### WHAT TO PRODUCE
Go through the listing below and retype exactly the lines starting at the one with "Stylized laydown of" and ending at the one with "Sealey Premier Mini", skipping pictures.
==== SUPPLIED MATERIAL
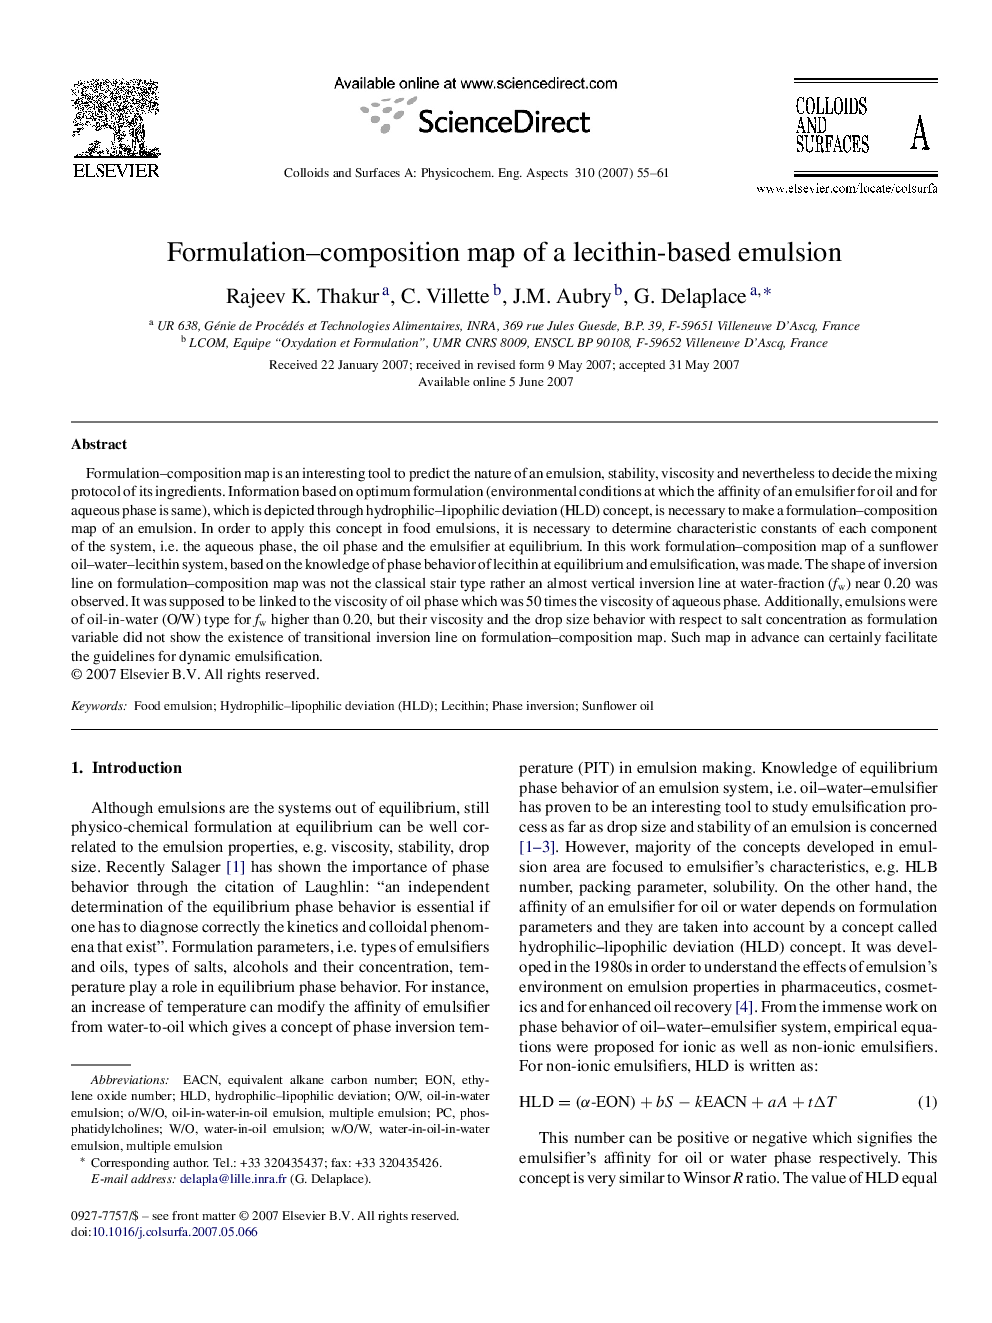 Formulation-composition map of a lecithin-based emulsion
========
==== SUPPLIED MATERIAL
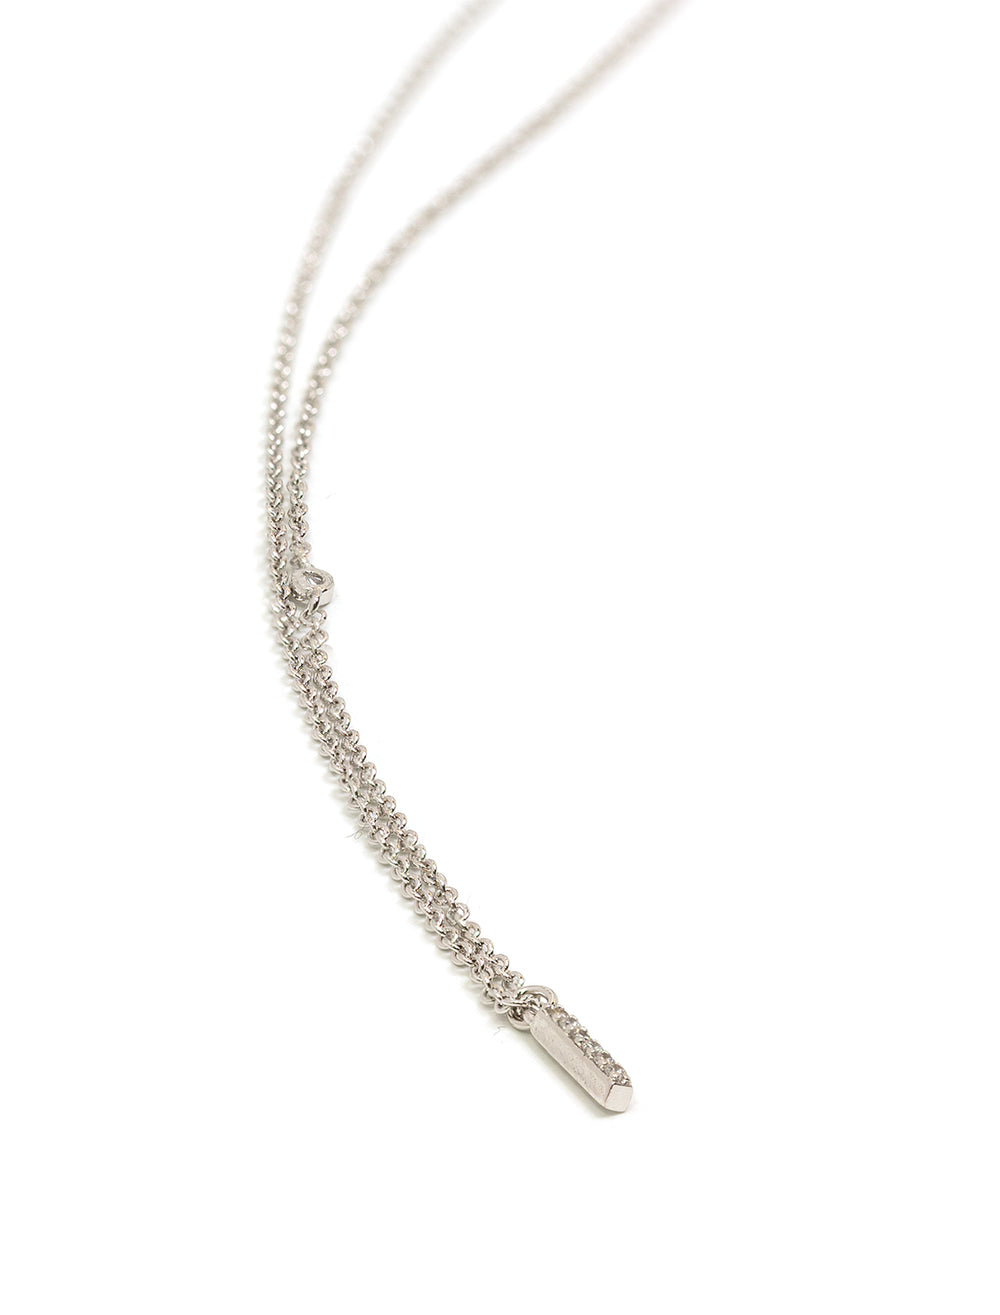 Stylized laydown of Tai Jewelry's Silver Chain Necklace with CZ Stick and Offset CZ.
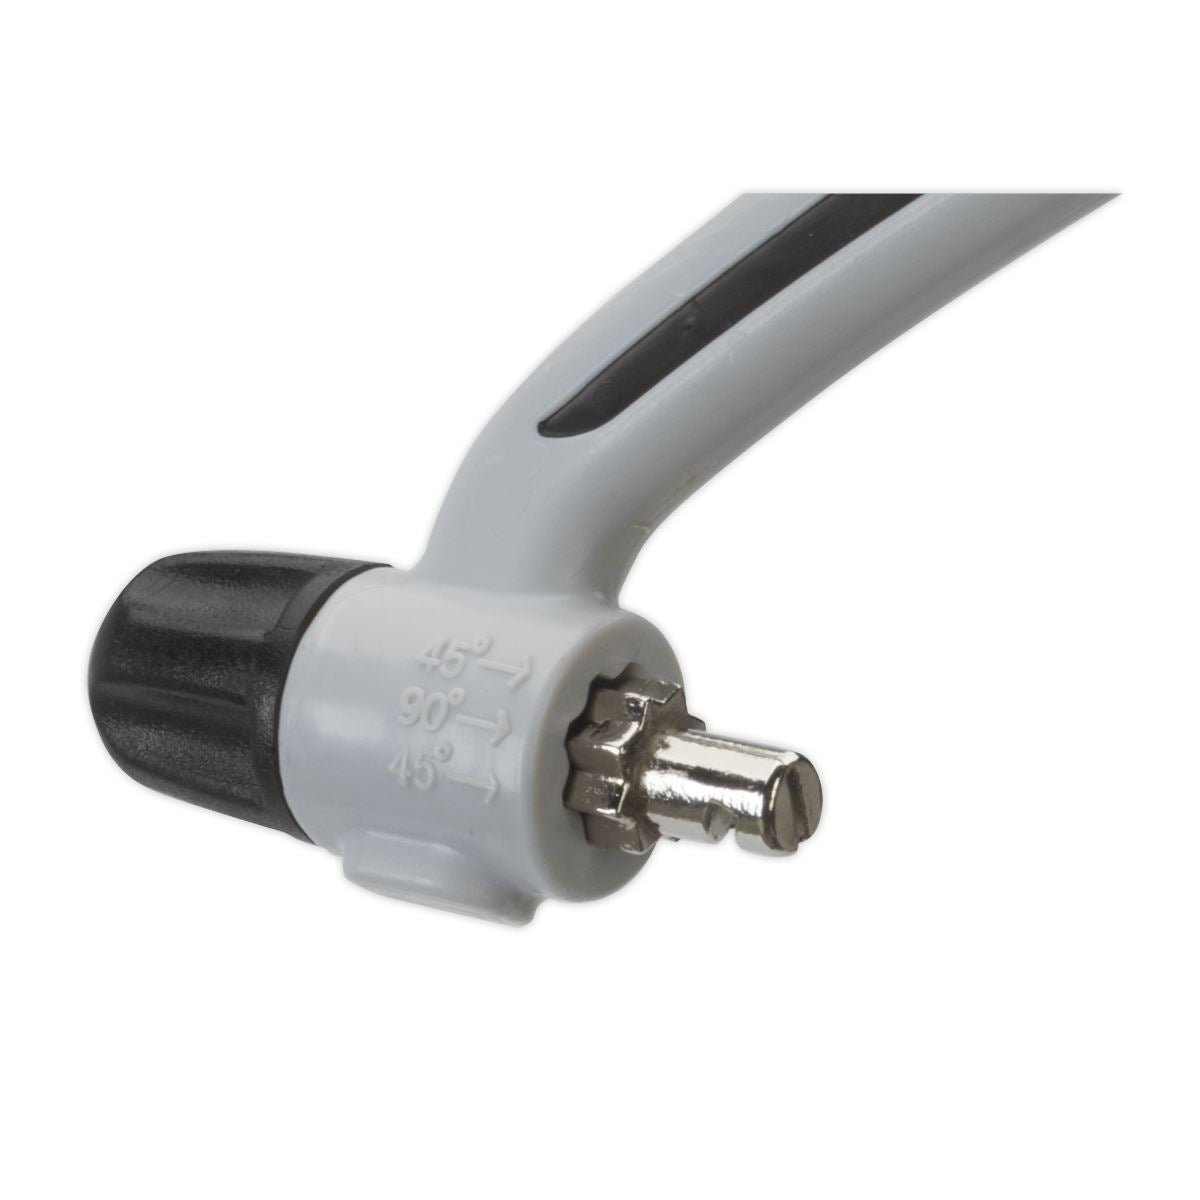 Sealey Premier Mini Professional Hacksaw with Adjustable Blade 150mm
========
### OUTPUT BELOW
 Stylized laydown of Tai Jewelry's Silver Chain Necklace with CZ Stick and Offset CZ.
 Sealey Premier Mini Professional Hacksaw with Adjustable Blade 150mm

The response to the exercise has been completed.